The Sea of Information
Did the internet deliver exactly what was promised?
We have had the internet for decades, and everyone thought it would usher in a new era of knowledge sharing and democracy. Few predicted that it would so effectively facilitate the death of quality journalism and the rise of populism and fake news. [i won’t cite the person since this was a throwaway line and I don’t want risk a dogpile]
As far as I can tell the internet delivered exactly what everyone agreed it would back in the 90s, everyone has a voice now and a direct means of publishing their thoughts (even if their facebook friends have learned not to read it). Vastly more info is at our fingertips and we can factcheck stories in an instant for lies, but also omissions and burying of the lead, and affective manipulation.
And as a result we’ve realized the “intellectuals” and “adults in the room” have been lying to us and manipulating us the whole time.
. . .
I don’t know, I can barely remember not having the internet, maybe the 90s did expect some glorious conscienceness raising that never occurred... but from my perspective looking at Cyberpunk and 90s “break the story no one wants to hear” sci-fi....well the Internet is one of the few sci-fi predictions that totally delivered.
What do you think? am I missing something?
Our efforts to master the internet are comparable to colonial efforts to master the sea. This level of human-to-human connection across great distances was previously unprecedented and there will be new power dynamics resulting from emergent systems we couldn't have imagined existing.
We are basically information mercantilists in a world moving towards a free market of information. We want to maximize good information and minimize bad information. We have a simplistic understanding of information flow, because for most of our history, "good" information started at the top and was passed down by each level according to how beneficial its propagation would be to information authorities. The internet turned that on its head, and even though we retain as a society the feeling that "good" information comes from trusted experts, it's no longer as obvious who those experts are or what credentials even make one an expert. If we only focus on results, we bias toward the loud, spurious, and lucky, but if we focus only on alignment with understood principles then we calcify our blindspots.

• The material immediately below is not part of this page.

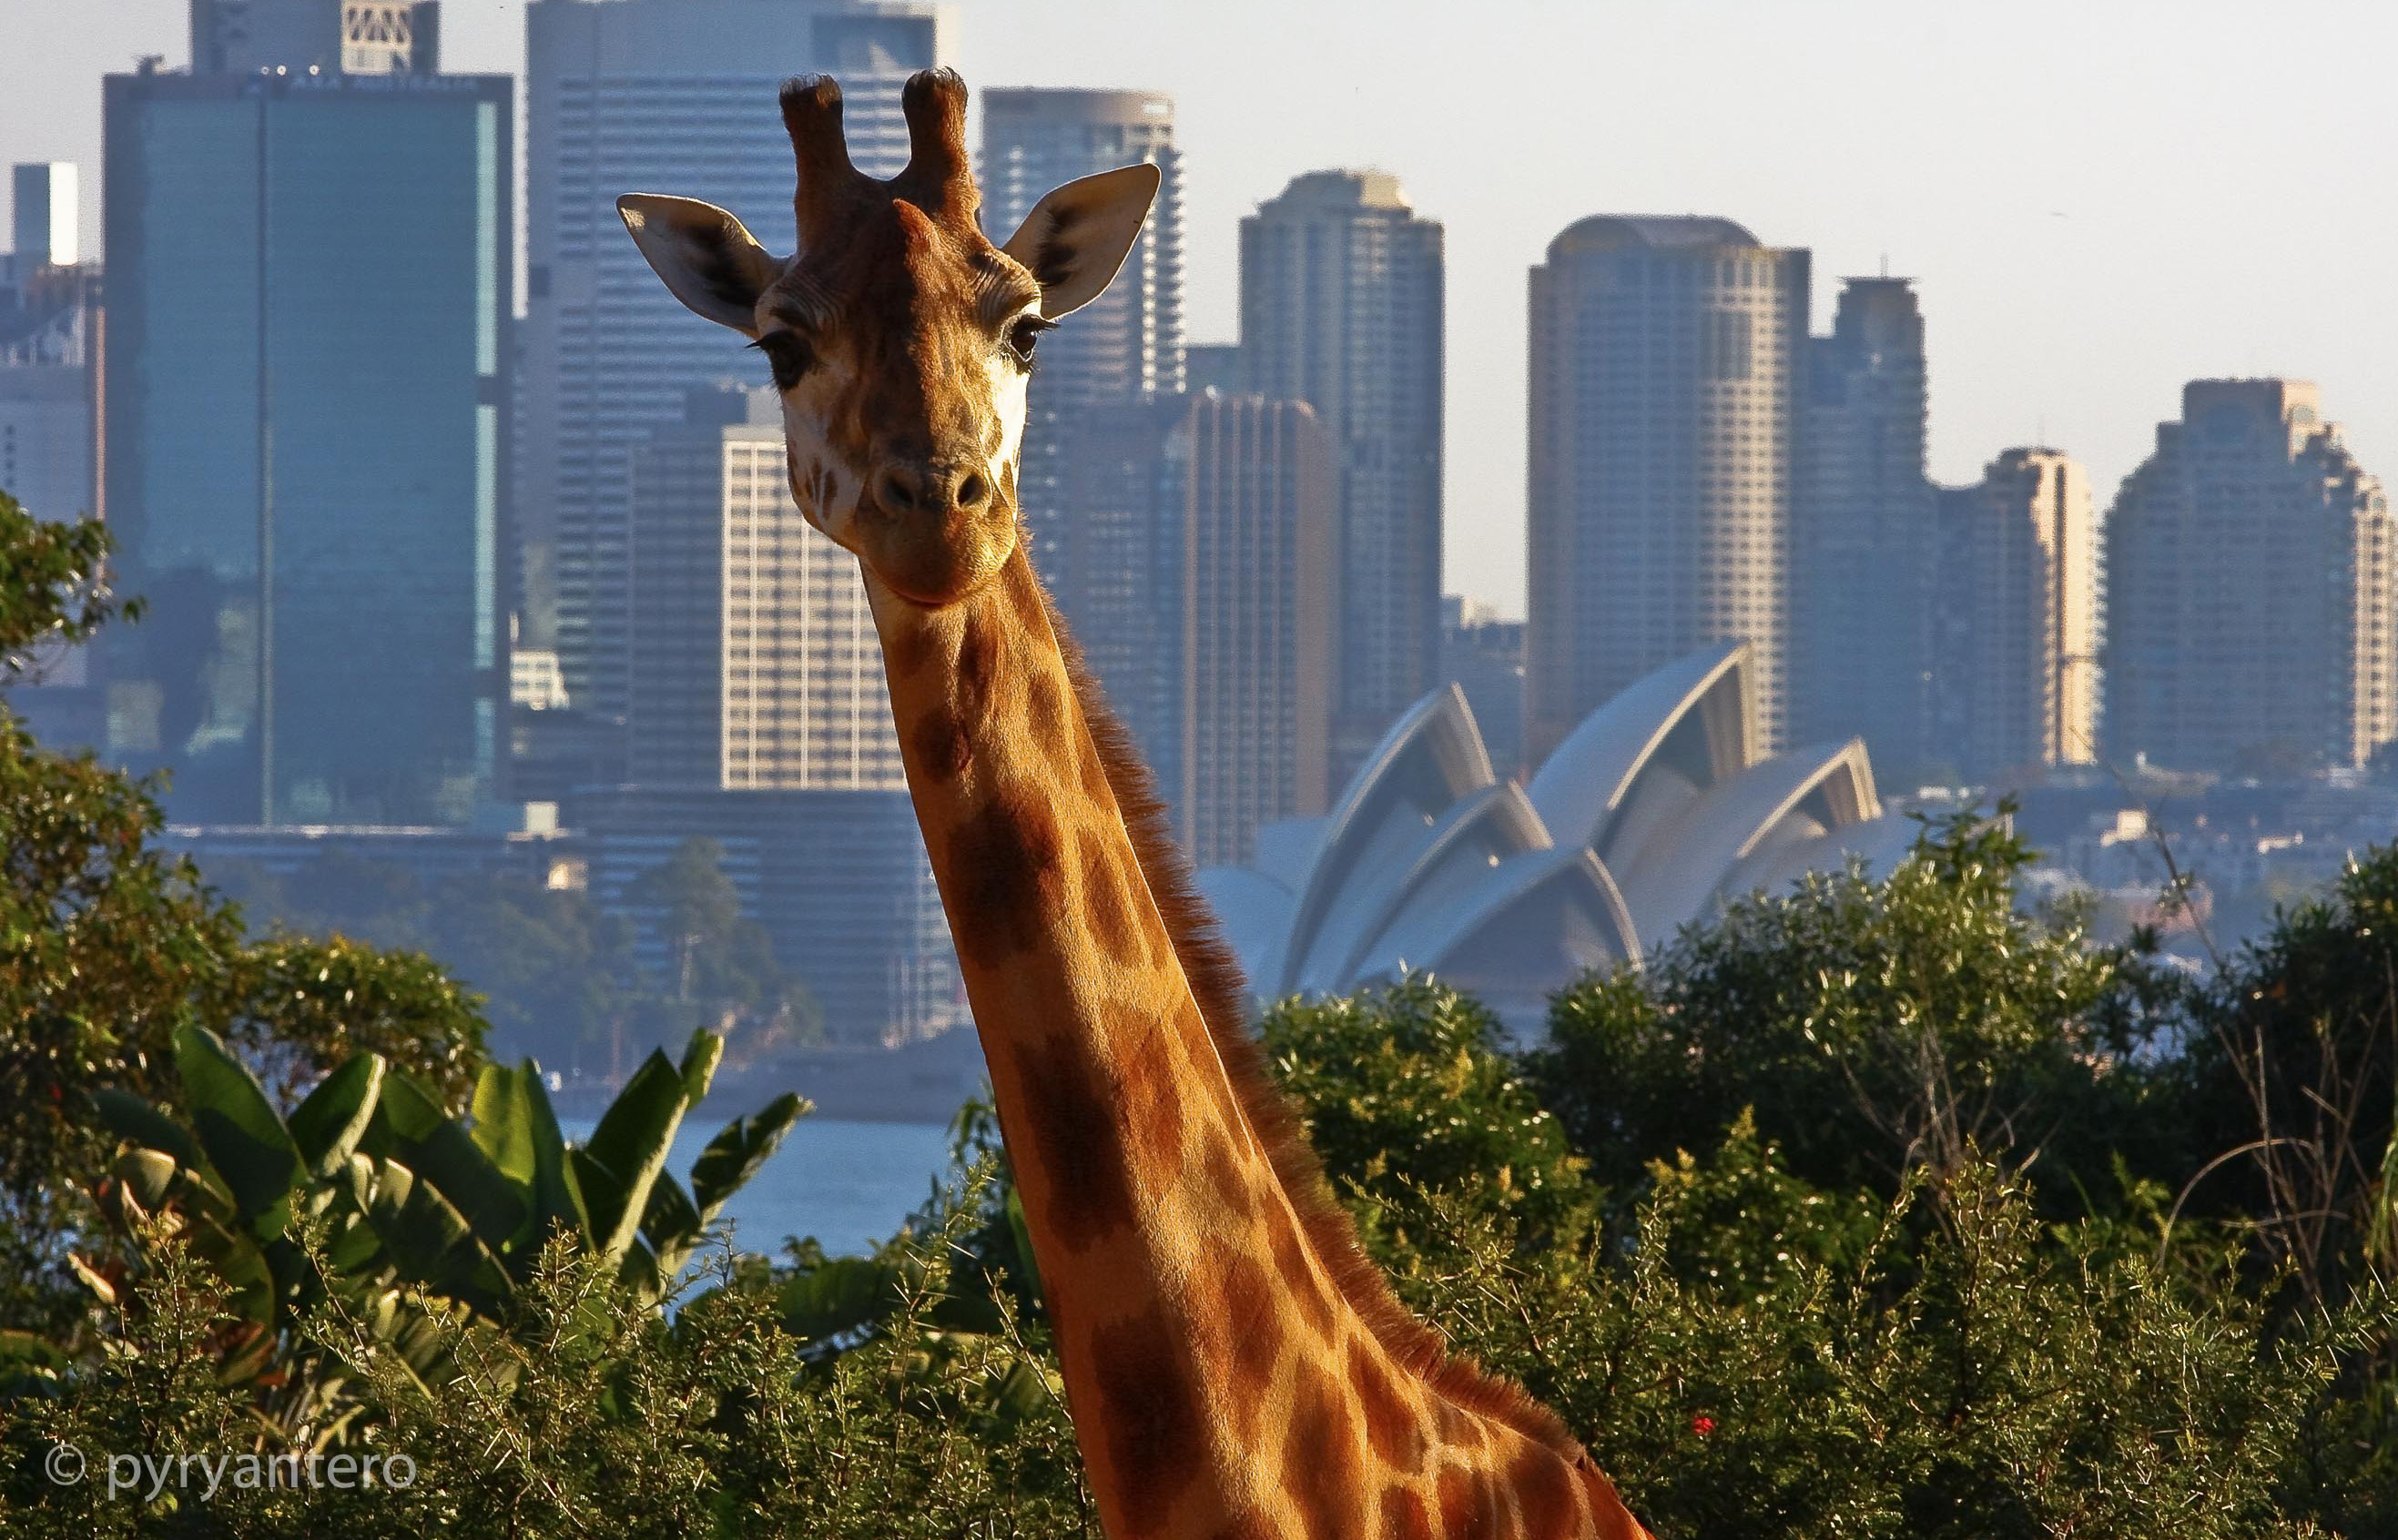 Giraffe in Taronga Zoo. In the backgound is Sydney Opera House in Sydney, Australia. Pyry Antero Pietiläinen Photography, pyryantero

A free market of information means we no longer have the bouillon of "objective" established truths to use as a lodestar, as information has different value to different people. I don't know what that means for our society long-term. My instincts are that a bit of information being true or false will become less relevant than the contextual metadata surrounding the information. "This was published in a book" used to be all you needed to know that the information conformed to certain standards and endured some level of third-party scrutiny. To be fair, we've had alternatives sources of information like magazines, newsletters, mailing lists, etc. for a while but not to the degree we have now with Twitter, the chans et al.
We're scaling up to take in all sorts information from hundreds or thousands of channels instead of just picking a few that we consider "right" and accepting everything they say. The sources of our information are important, but meta-trends between channels become much more significant that any individual exemplar.